If you hear in one of your cities, which [YHWH] your God is giving you to dwell there, that certain worthless fellows have gone out among you and have drawn away the inhabitants of their city, saying, “Let us go and serve other gods,” which you have not known, then you shall inquire and make search and ask diligently. And behold, if it be true and certain that such an abomination has been done among you, you shall surely put the inhabitants of that city to the sword, devoting it to destruction, all who are in it and its cattle, with the edge of the sword. You shall gather all its spoil into the midst of its open square and burn the city and all its spoil with fire, as a whole burnt offering to [YHWH] your God. It shall be a heap forever. It shall not be built again.

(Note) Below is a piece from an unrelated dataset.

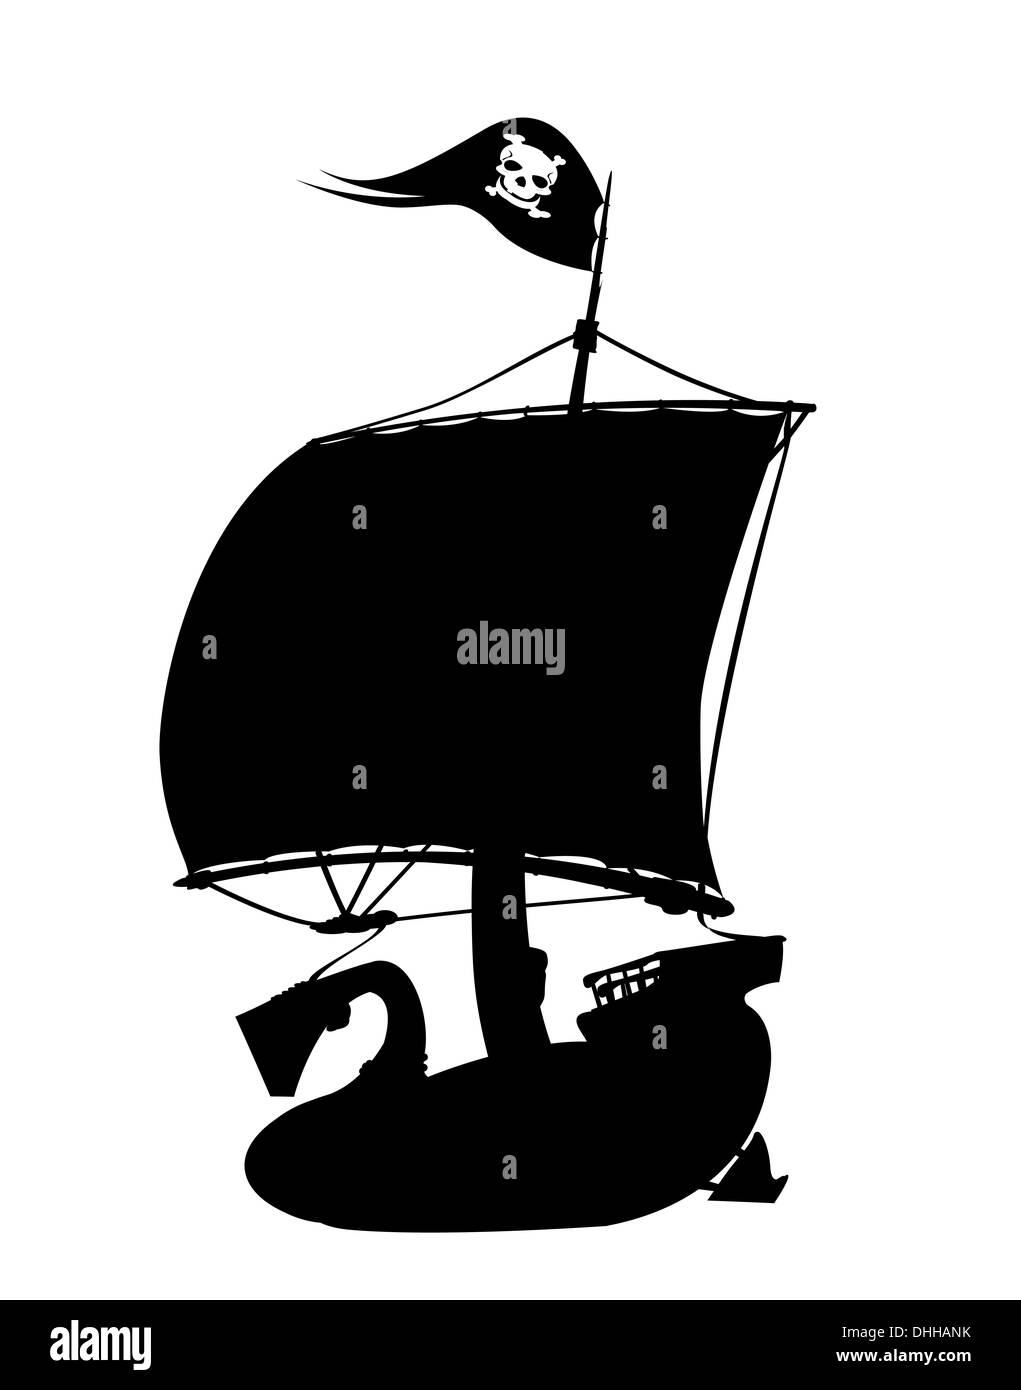 Pirate ship icon Stock Photo

None of the devoted things shall stick to your hand, that [YHWH] may turn from the fierceness of His anger and show you mercy and have compassion on you and multiply you, as He swore to your fathers, if you obey the voice of [YHWH] your God, keeping all his commandments that I am commanding you today, and doing what is right in the sight of [YHWH] your God. (Deu 13:1–18)

There is now—in Moses’ writings—no basis for the children of Israel to adopt the ways of the Canaanite peoples they dispossess. Any person who tells Israel to abandon the Commandments was to be killed to keep the evil from spreading—and the first Commandment forbids idolatry.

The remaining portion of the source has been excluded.